By Air: The closest major airport is Portland International Jetport (PWM), about a 2.5-hour drive. Bangor International (BGR) is about 2 hours away. You will need a rental car. There are no reliable shuttle services for the general public.
By Car: From Portland, take I-95 North to Exit 112 (Augusta), then follow Route 27 North for about 90 miles directly to the mountain. Route 27 is a well-maintained two-lane highway, but it can be slow going in a snowstorm. Always check the Maine DOT 511 site for road conditions before you leave. Having AWD or 4WD is highly recommended from December through March.
Expert Tips for Your Sugarloaf Trip
Here's the stuff you won't find on the official trail map.
Avoid the Saturday Scrum: If you can, arrive on a Friday and ski that afternoon. Saturday morning lines at the SuperQuad and Whiffletree base can be long.
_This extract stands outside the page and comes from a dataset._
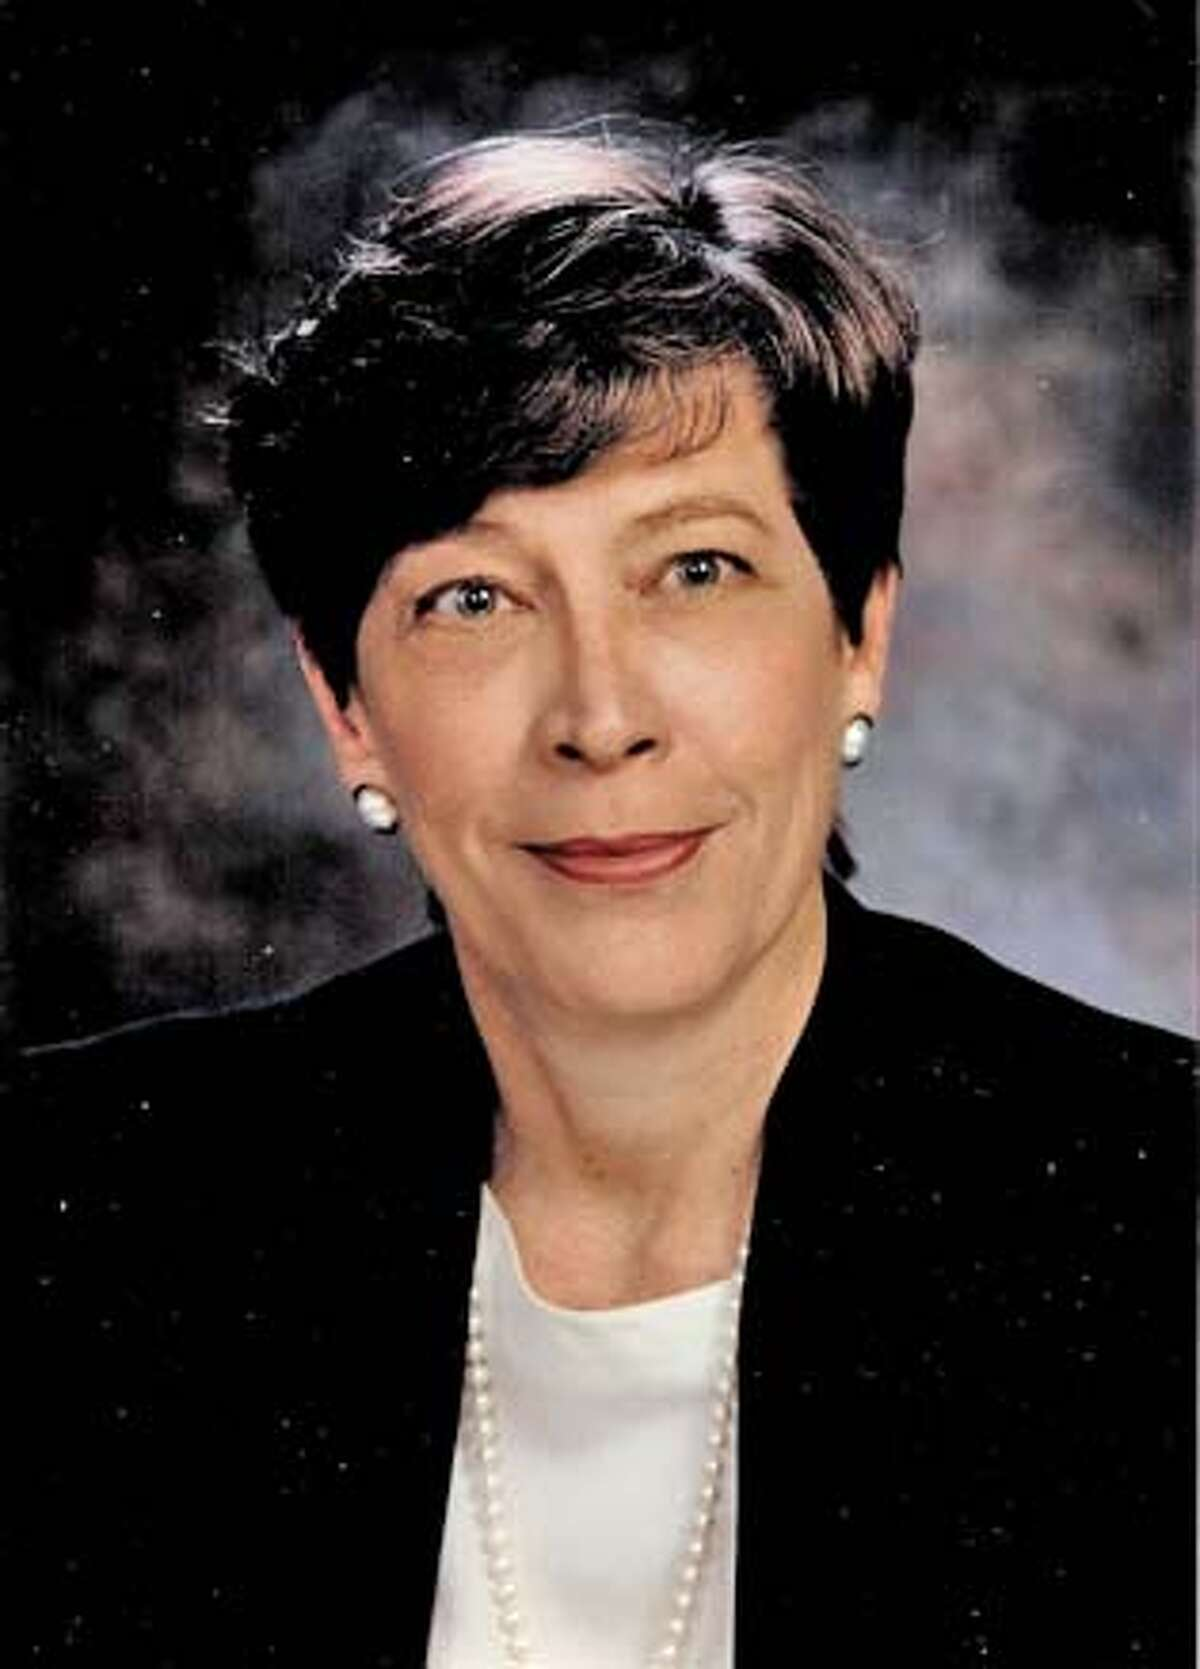 Obituary photo of Felicia Stewart.

Use that Friday to scope out the mountain when it's quieter.
The Wind Factor: The summit and Snowfields are notoriously windy. A day that's calm at the base can be a howling gale up top, shutting down lifts. Check the Sugarloaf Mountain Weather Station page for real-time summit conditions. If the Timberline lift is on wind hold, don't waste your time waiting—go explore Brackett Basin instead.
Non-Skiing Spouse/Kid? The Outdoor Center in Carrabassett Valley has fantastic Nordic skiing and snowshoe trails. The village also has a decent fitness center and a few shops.
Your Sugarloaf Questions Answered
So, what is the biggest ski resort in Maine? It's Sugarloaf. It's the scale, the Snowfields, the village vibe, and the constant hum of improvement. It demands a bit more planning to get to, but the payoff is a skiing experience that feels a world away from the typical crowded day-trip hills. It's the one place in Maine where you can truly get lost in the mountains—in the best way possible.